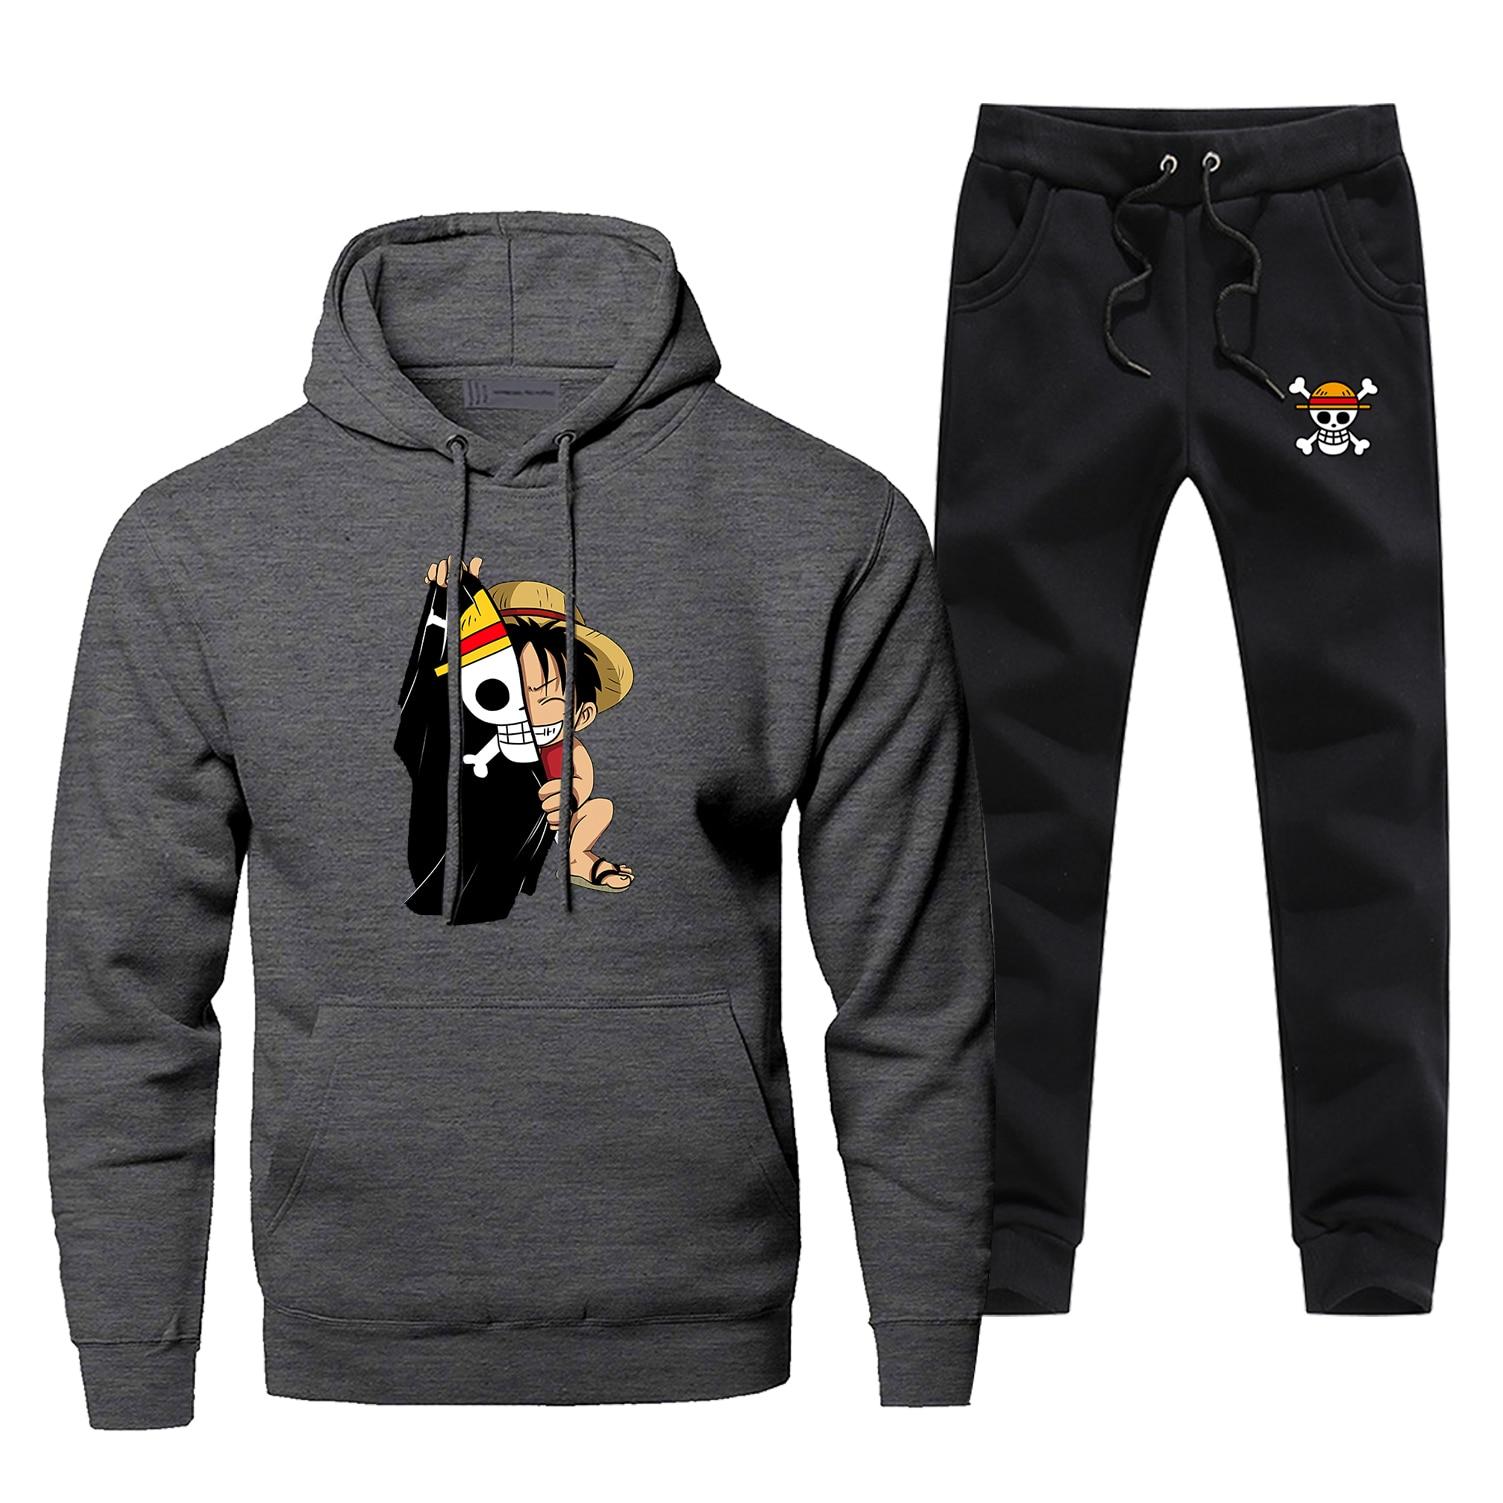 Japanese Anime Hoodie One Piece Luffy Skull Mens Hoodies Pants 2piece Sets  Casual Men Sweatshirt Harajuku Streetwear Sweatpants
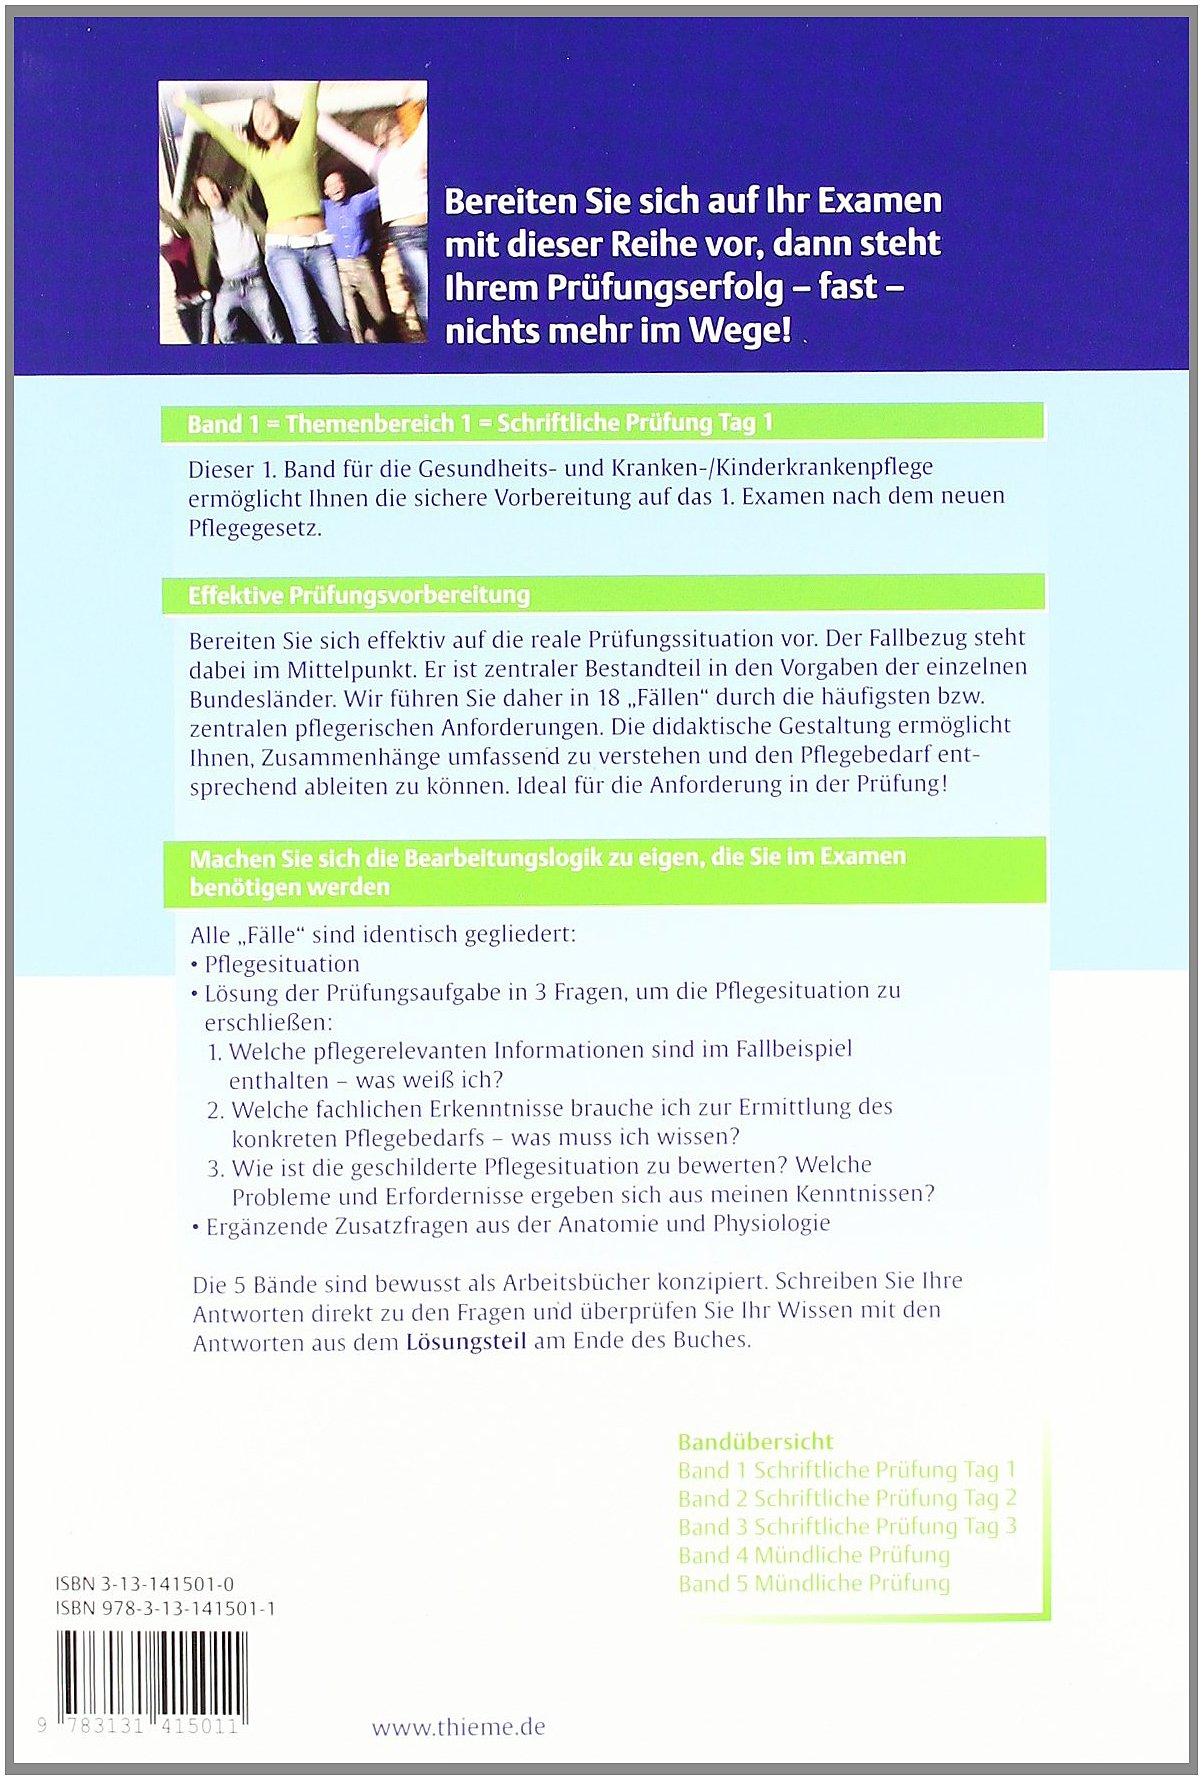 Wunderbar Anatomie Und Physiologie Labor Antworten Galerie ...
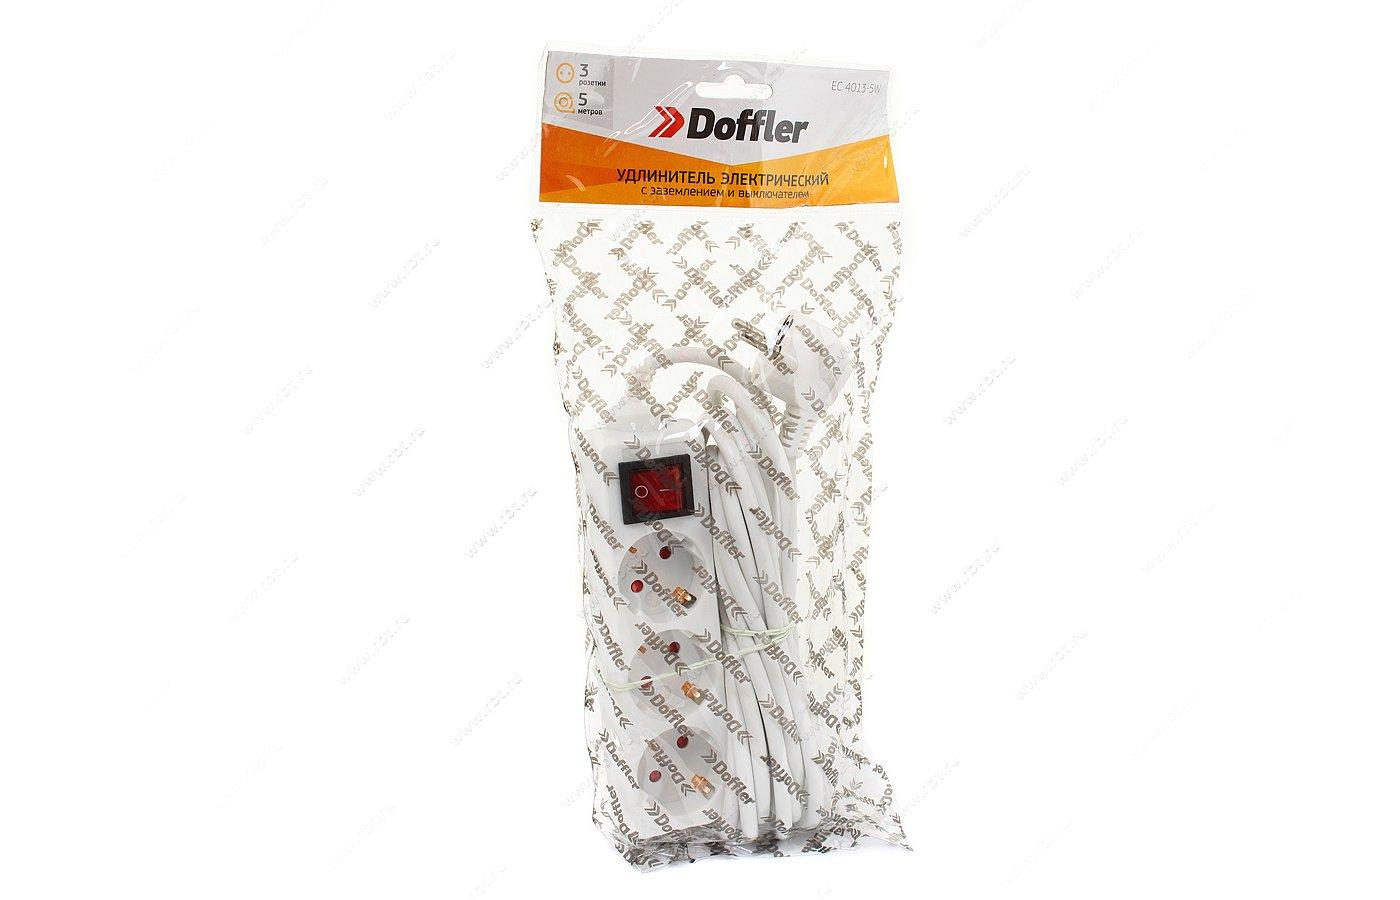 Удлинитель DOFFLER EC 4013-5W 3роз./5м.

====================

WORK REQUIRED: Copy out every line of the material above precisely, omitting the pictures.

ANSWER FOR THE TASK:
 Japanese Anime Hoodie One Piece Luffy Skull Mens Hoodies Pants 2piece Sets  Casual Men Sweatshirt Harajuku Streetwear Sweatpants
 Wunderbar Anatomie Und Physiologie Labor Antworten Galerie ...
 Удлинитель DOFFLER EC 4013-5W 3роз./5м.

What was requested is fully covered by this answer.